What the exercise asks:
What you write should match, word for word, the lines from the one containing "handgep ck hartschalen" through the end of the data, with no pictures.

Given material:

*** Block opens ***

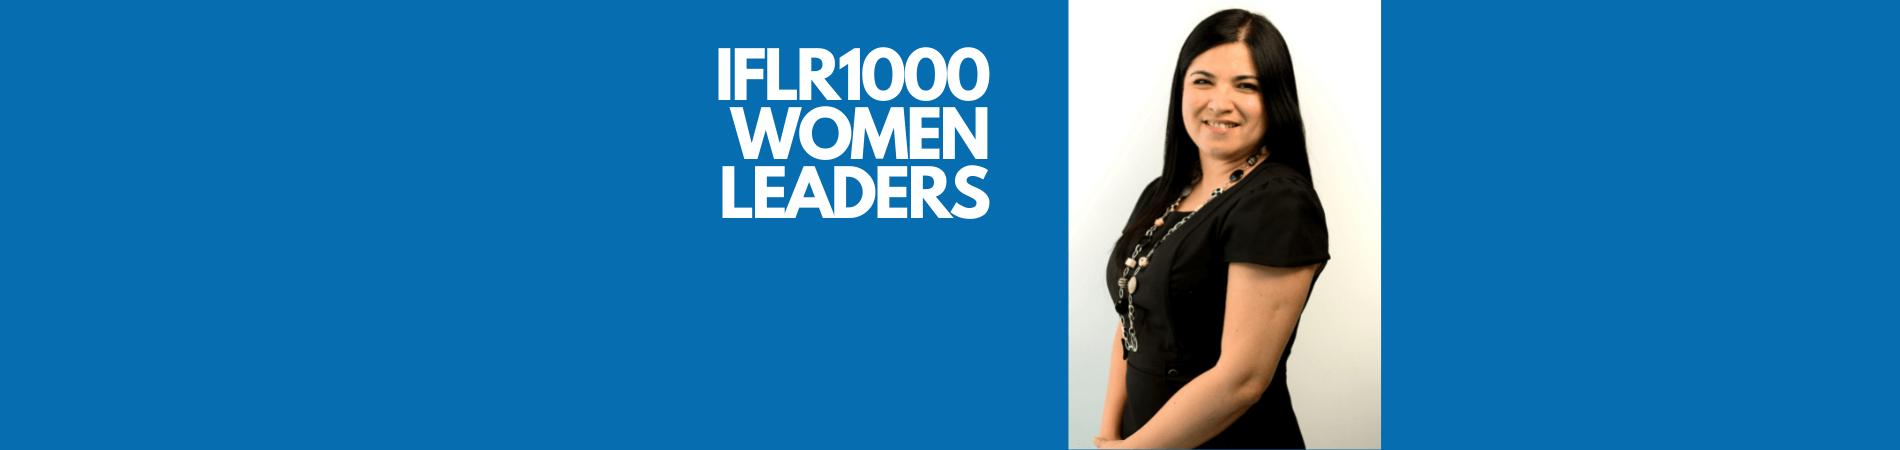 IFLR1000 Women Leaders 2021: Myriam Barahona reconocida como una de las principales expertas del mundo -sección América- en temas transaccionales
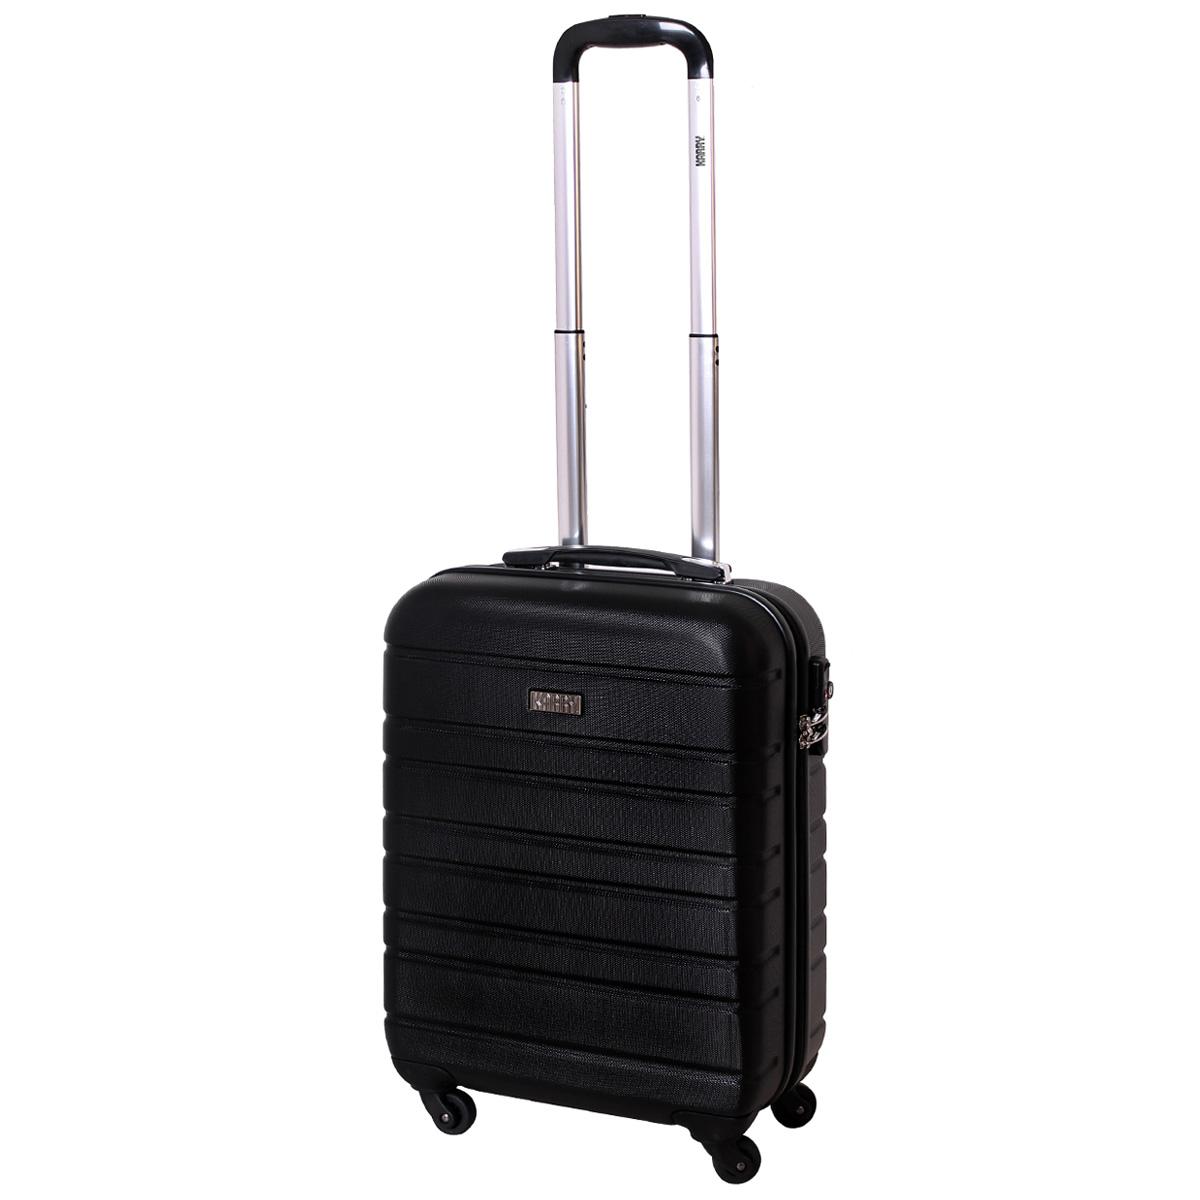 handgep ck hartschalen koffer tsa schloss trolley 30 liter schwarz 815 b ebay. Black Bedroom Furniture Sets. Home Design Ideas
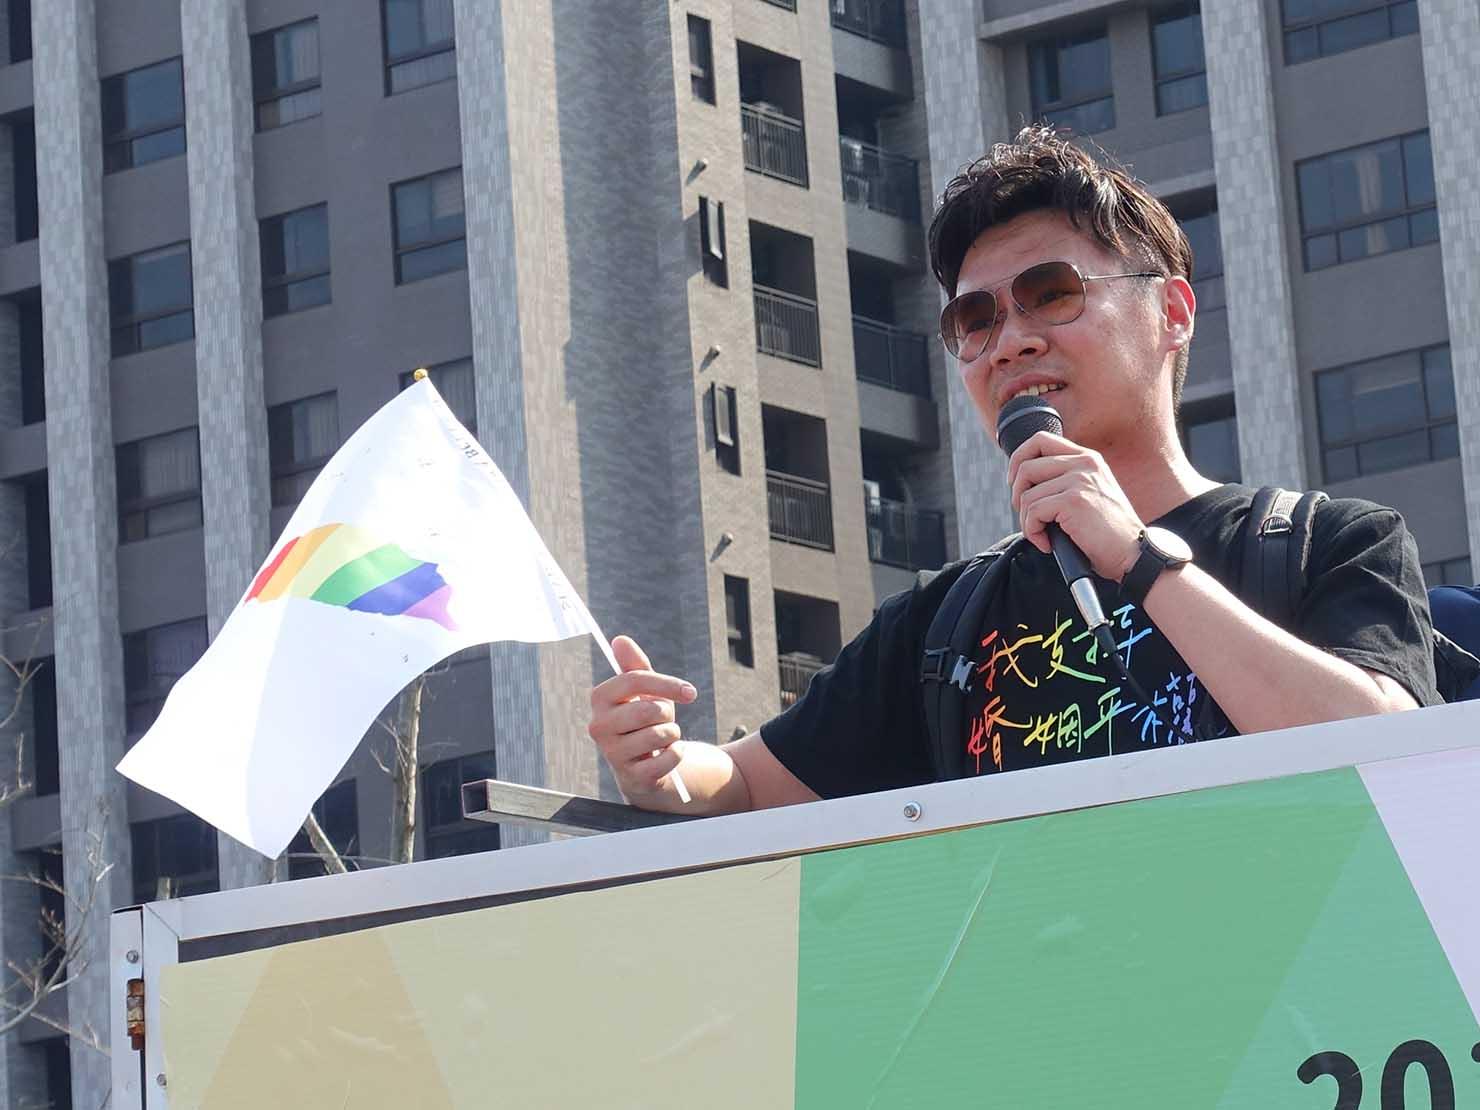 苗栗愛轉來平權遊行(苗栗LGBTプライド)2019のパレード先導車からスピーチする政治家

*** Block closes ***

Task solution:
 handgep ck hartschalen koffer tsa schloss trolley 30 liter schwarz 815 b ebay. Black Bedroom Furniture Sets. Home Design Ideas
 苗栗愛轉來平權遊行(苗栗LGBTプライド)2019のパレード先導車からスピーチする政治家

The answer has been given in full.